The “magical” part is where the jobcentre.php is launched in own process. I use the linux nohup nice -n 10 … method. I tried other methods but this one actually worked for me the best.
The file jobcentre.php is just like the name says, it is similar to a real job centre. It knows about the available jobs and can give the jobs to workers who want to work. But you can name it whatever you like. Or let say it don’t gives the jobs to the workers, it simply start the workers and the workers look by their own for available jobs assign them to themselves.
It is similar to queue.php but this script starts the workers.php – also in own thread without blocking anything. It starts as many workers as you needs, it really depends on your system resources. Start with maybe 3 workers and try it with more. Personally I use 8 workers for one of our bigger projects.
So here is how jobcentre.php could look like:
1 2 3 4 5 6 7 8 9 10 11 12 13 14 |
$workers_to_start = 8; for ($worker = 0 ; $worker < $workers_to_start ; $worker++) { $last_worker_id++; echo "Starting Worker " . ($worker + 1); $workerDir = __DIR__ . "/"; $workerScript = $workerDir . "worker.php"; $logFile = $workerDir . "log_worker_{$last_worker_id}.txt"; echo "\n"; $cmd = 'nohup nice -n 10 php ' . $workerScript . ' -- -i' . $last_worker_id . ' > ' . $logFile . ' & printf "%u" $!'; //echo $cmd . "\n"; $pid = shell_exec($cmd); sleep(1); echo " - PID=" . $pid . "\n"; } |
The worker.php script can do whatevery you want. In my case it generated the thumbnails. It consists of an endless loop which picks one unassigned task from the queue. If there are no more tasks available it justs exits.

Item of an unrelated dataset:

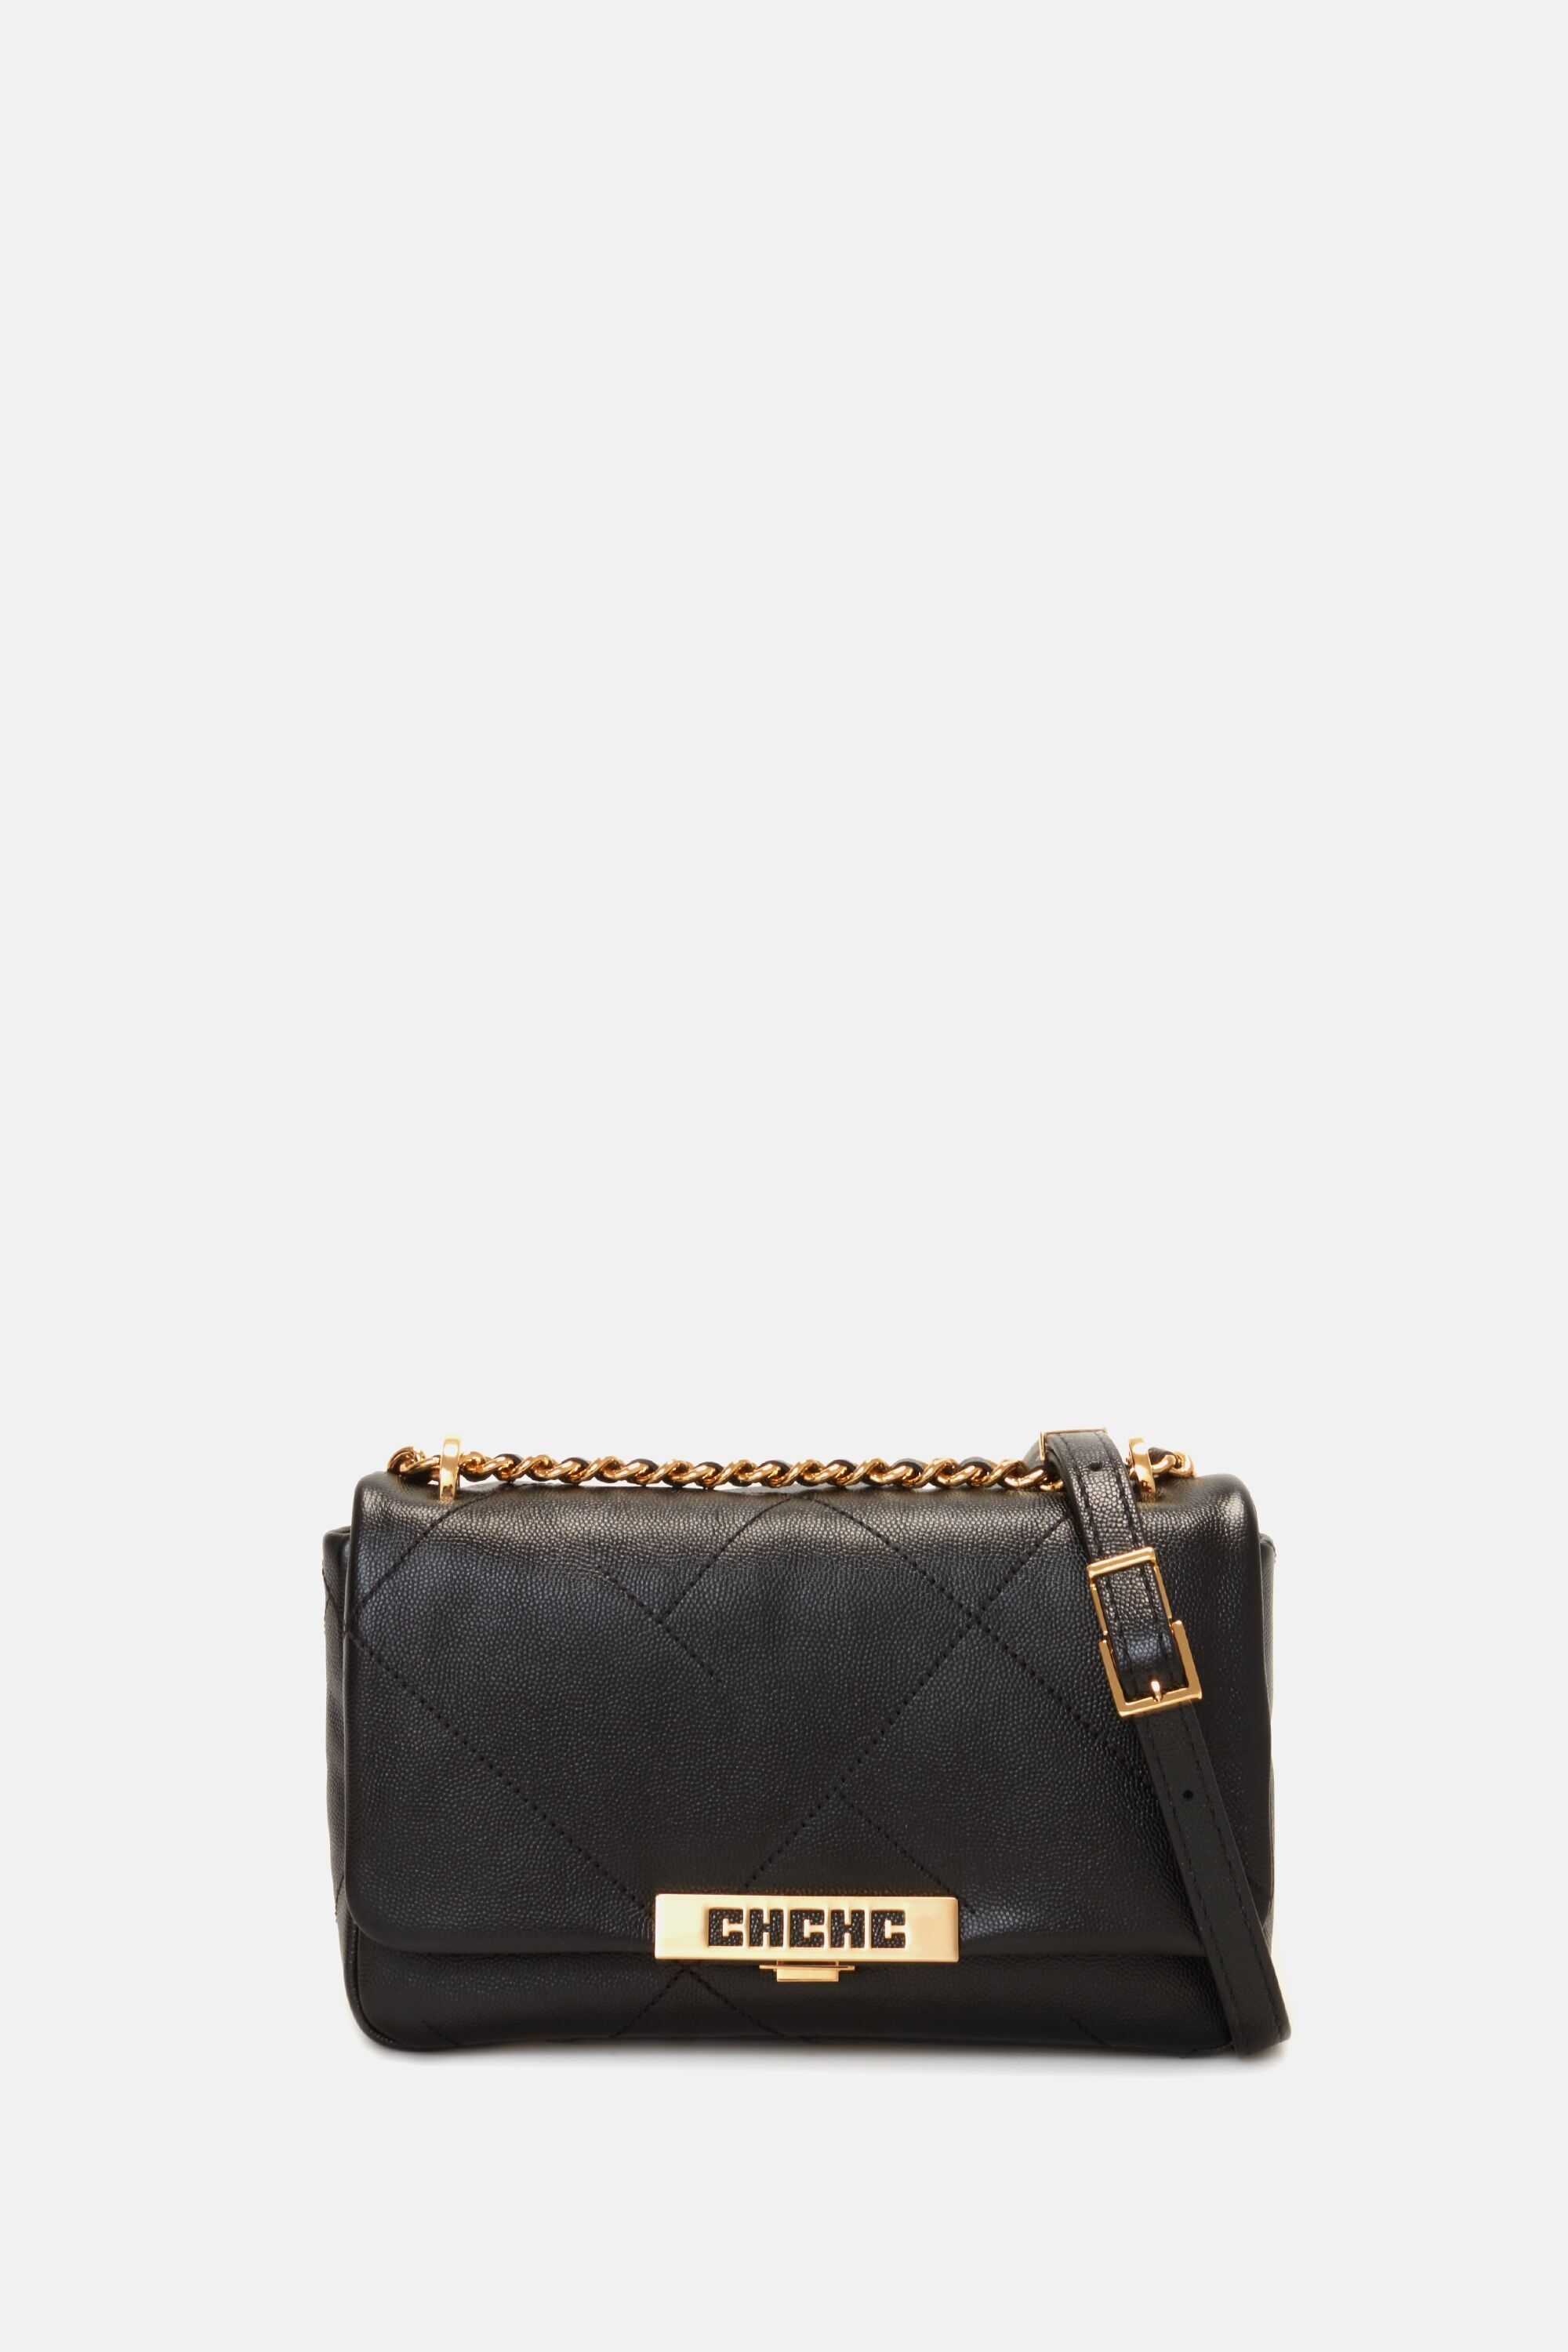 Bimba 9 | Small shoulder bag black - CH Carolina Herrera United States

In my case I used the image magick convert to generate the thumbnails. In my experience convert is way faster than any php image processing libs I tested. And it works in multiple threads. So, the worker simply executed the convert command using “system” or “shell_exec” but this time synchronously. It waited for the command to end and saved the return code and output to the database.
TLDR
execute php or any other linux scripts in the background without blocking the main thread with:
1 2 3 4 |
$workerScript = "/full/path/to/longTask.php"; $logFile = "mylogfile.log"; $cmd = 'nohup nice -n 10 php ' . $workerScript . ' > ' . $logFile . ' & printf "%u" $!'; $pid = shell_exec($cmd); |
Conclusion
This is a simple method to execute anything in the background. There might be better ways of doing this. I found a framework just for this, called kraken but I didn’t test it yet. You can use it to do some long taking work in the background for example thumbnail generation or E-Mail queue.
PS: I might create an example code on github if anyoe is interested.